Une faillite de Coinbase ?
Coinbase a récemment publié ses résultats financiers du premier trimestre de 2022 : ils sont particulièrement mauvais. L’activité de Coinbase a fortement diminué et la société enregistre une perte nette de 430 milliards de dollars. La baisse des transactions risque de se prolonger avec le bear market. Les difficultés concentrées sur la Tech font peser un risque existentiel sur Coinbase.
Pour ne rien arranger, la société a déclaré dans son rapport que les actifs des clients « pourraient être considérés comme des biens relevant de la procédure de faillite et les clients pourraient être traités comme des créanciers généraux non garantis ».
Not your keys, not your coins. Si Coinbase faisait faillite, les clients ne retrouveraient sans doute pas tous leurs investissements. D’abord, la société rembourserait ses créanciers et ensuite les clients. Et puis, rappelez-vous de février 2014 où l’exchange Mt. Gox a déclaré faillite, avec environ 850 000 bitcoins perdus et des milliers de clients ruinés.
Il serait bon de songer à déplacer vos fonds dans un hardware wallet, en raison des turbulences qui pèsent sur la tech. Le risque de faillite de Coinbase n’est pas à sous-estimer.
Bitcoin : épreuve du feu
L’inflation ronge non seulement la confiance dans les devises, mais dans tous les actifs financiers. Il est donc normal que les investisseurs se détournent des actions et des obligations. Dans les années 1970, les classes d’actifs qui en ont le plus bénéficié étaient l’or et l’immobilier. Le bitcoin peut-il être cette nouvelle classe d’actif sachant que l’or n’est plus une couverture efficace contre l’inflation ?

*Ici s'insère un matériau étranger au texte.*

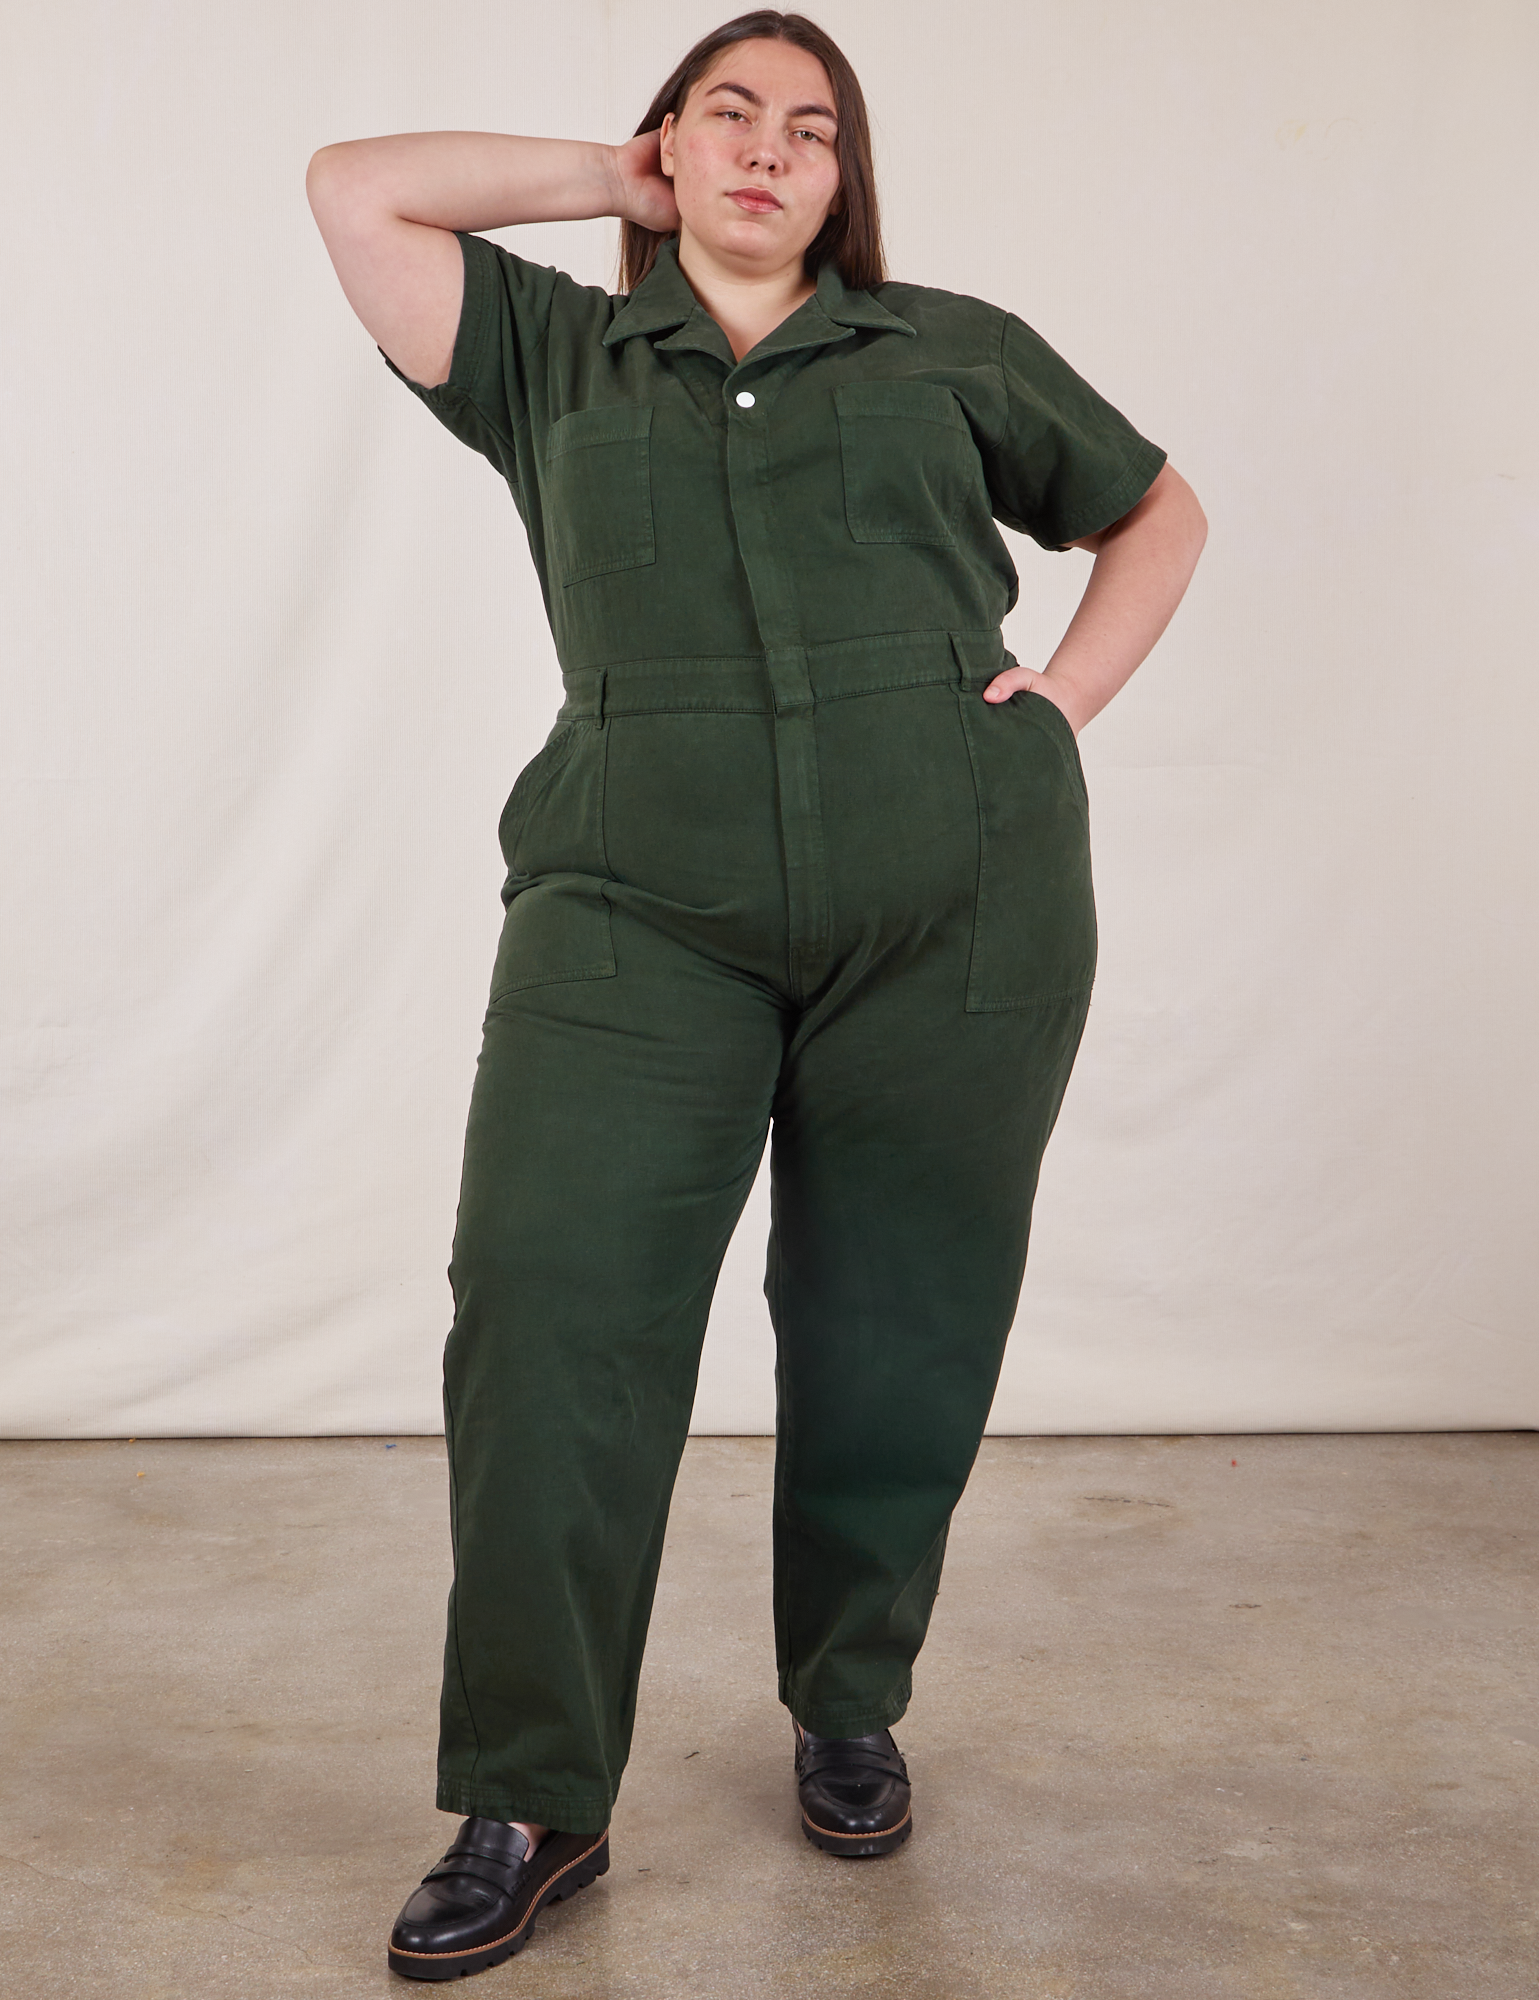 Marielena is 5’8” and wearing 2XL Short Sleeve Jumpsuit in Swamp Green
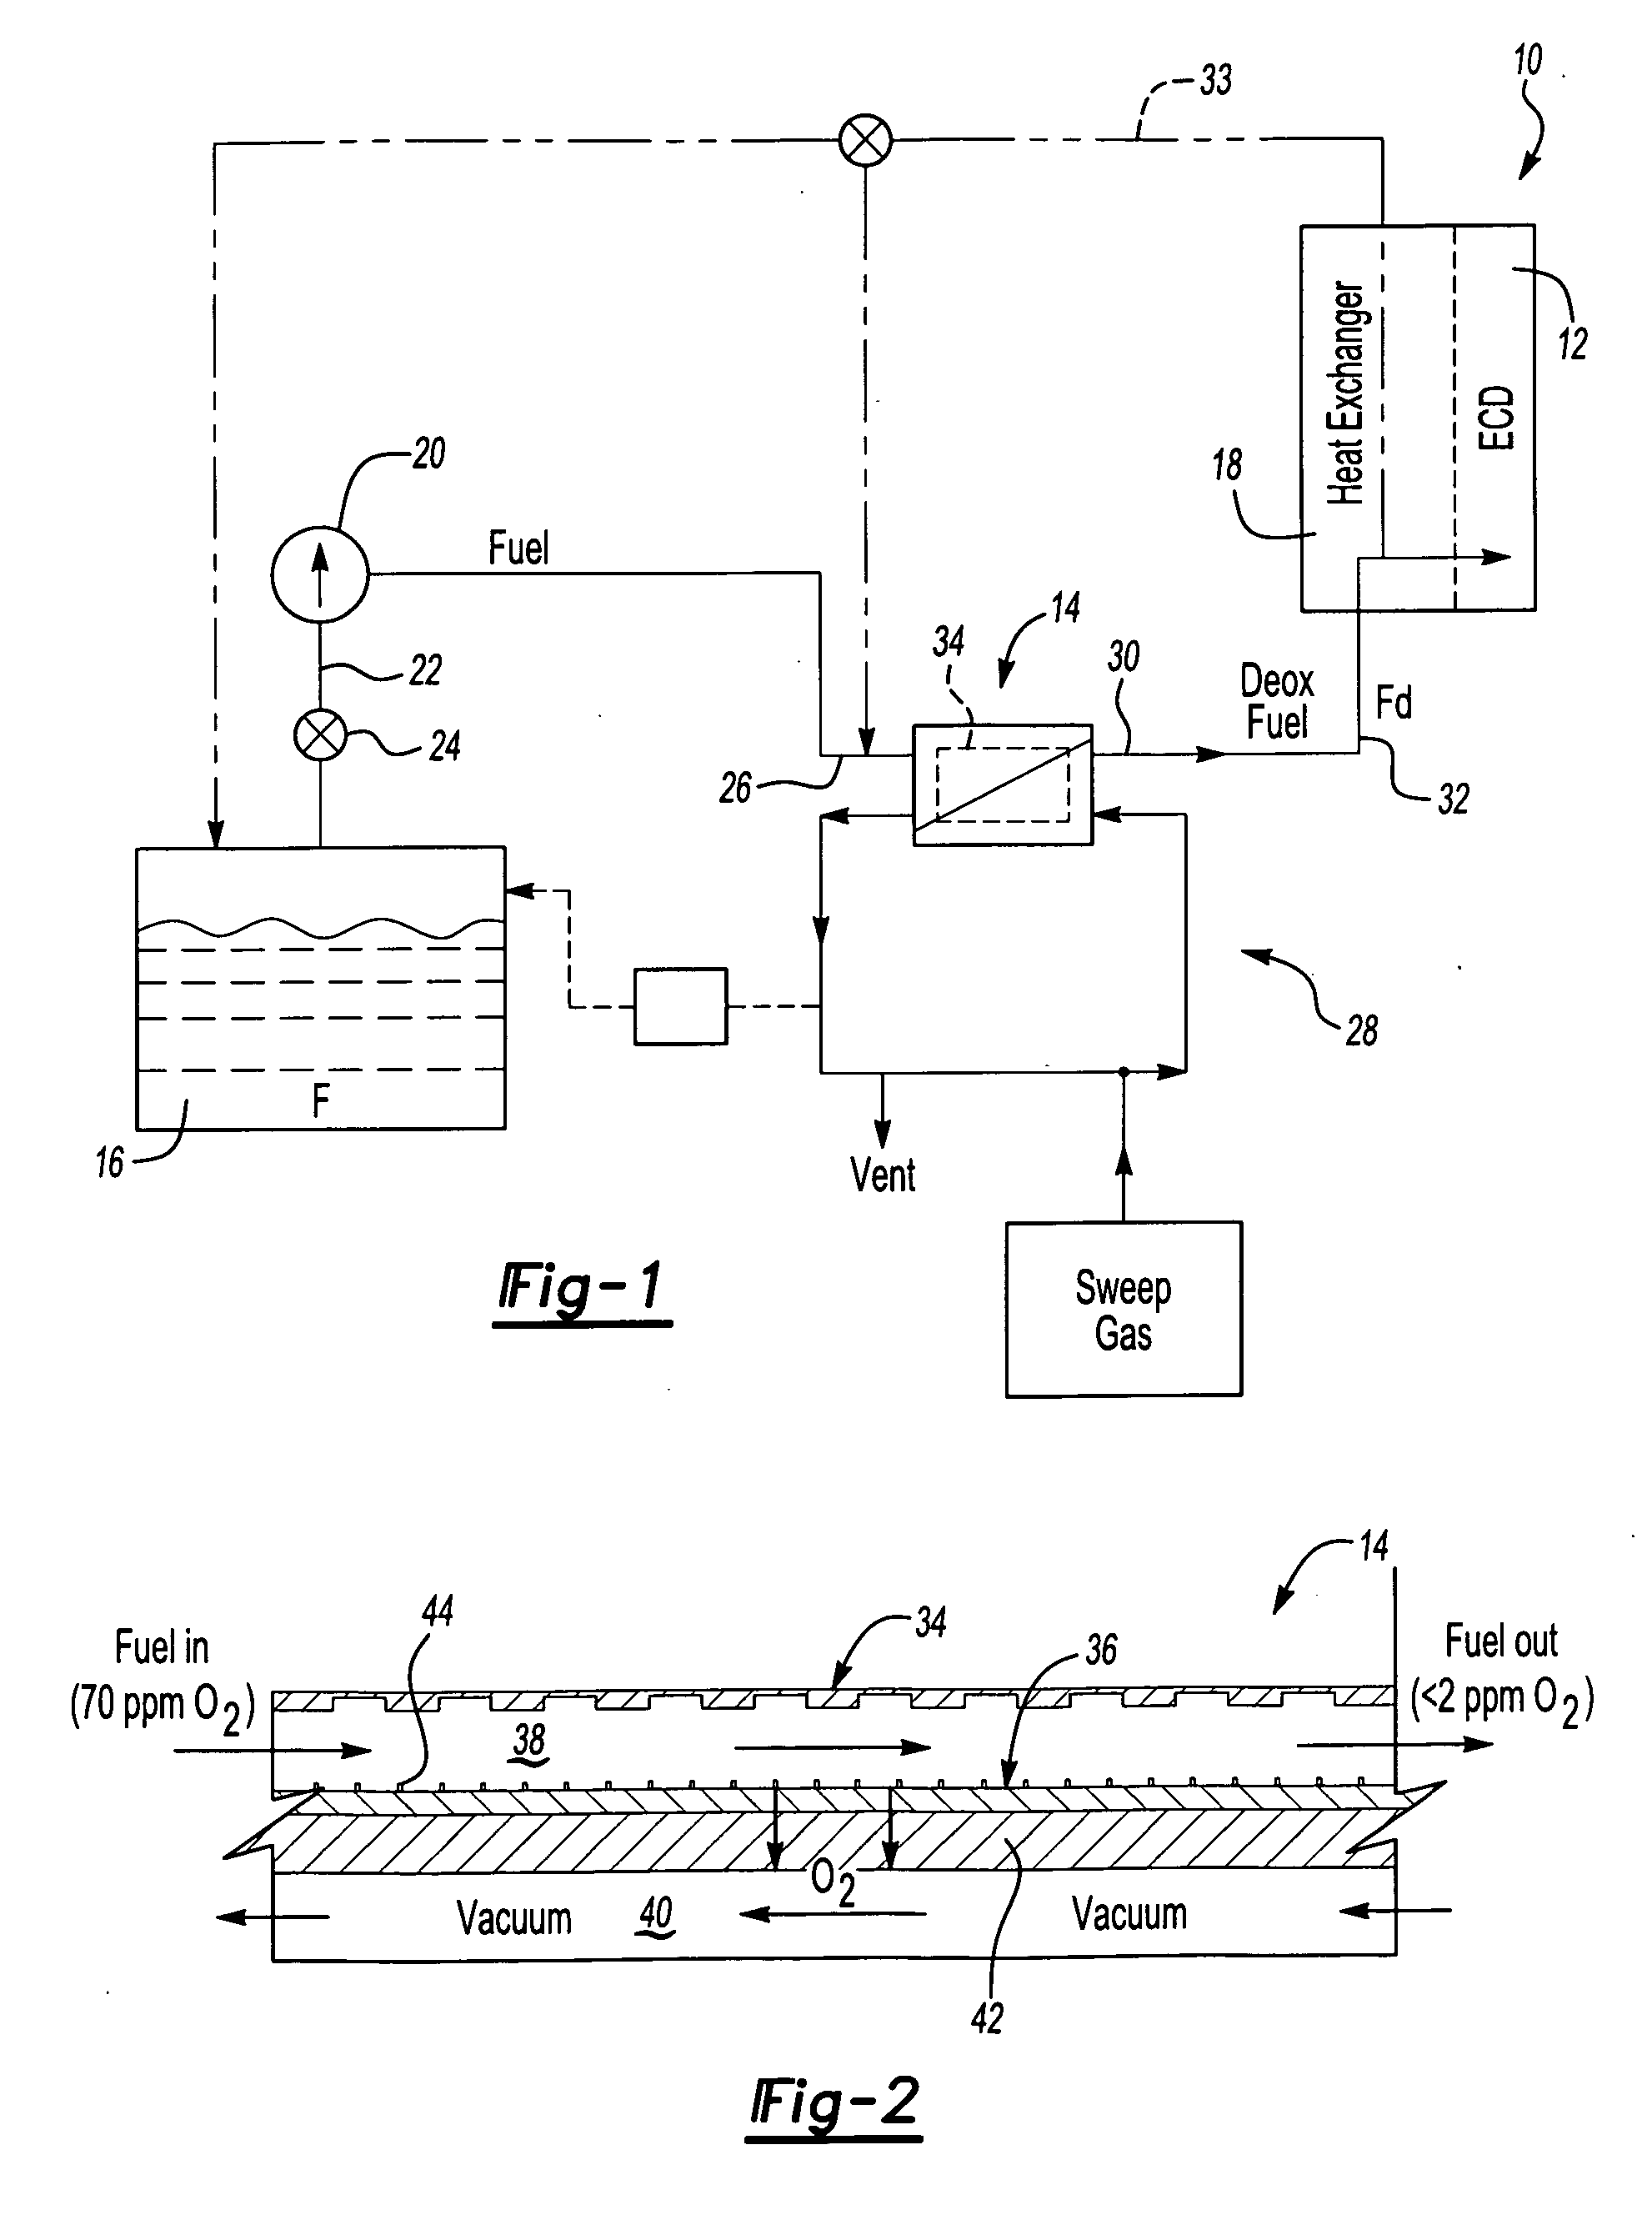 Fuel deoxygenation system with textured oxygen permeable membrane

Soyons honnête, malgré les qualités intrinsèques de Bitcoin, le roi de la crypto n’a pas encore fait la démonstration de sa résilience face à l’inflation. Le manque d’éducation est sans doute la principale raison, car il suffirait que suffisamment de gens croient que BTC soit une protection contre l’inflation grâce à sa rareté absolue pour le devenir effectivement.
Bitcoin est de plus en plus corrélé aux valeurs technologiques : 0,82 avec le Nasdaq et 0,59 avec le S&P 500. Un an auparavant Bitcoin était négativement corrélé avec les deux indices boursiers. Il est donc possible que l’explosion de la bulle technologique emporte le bitcoin, en tant « qu’action technologique sans dividendes » vers le précipice. La stagflation dans laquelle nous entrons est un test à l’acide pour savoir si le bitcoin a de la substance et s’il peut réellement concurrencer l’or millénaire.
Ou peut-être que la brillante génération d’entrepreneurs qui pâtira de la politique de la Fed prendra conscience du péril inflationniste et embrassera le BTC… L’arrivée des milliardaires sur le protocole serait le meilleur moyen pour Bitcoin de transformer enfin l’essai.
L’arrivée de la stagflation en Occident dessine la fin d’un cycle qui pourrait durer plusieurs années. Les entreprises technologiques et la cryptos voient leurs valorisations baisser et seront de plus en plus considérées comme des entreprises ordinaires. L’inflation est définitivement le facteur macroéconomique le plus imprévisible. Son retour va restructurer en profondeur l’industrie technologique. Comme un air de l’an 2000.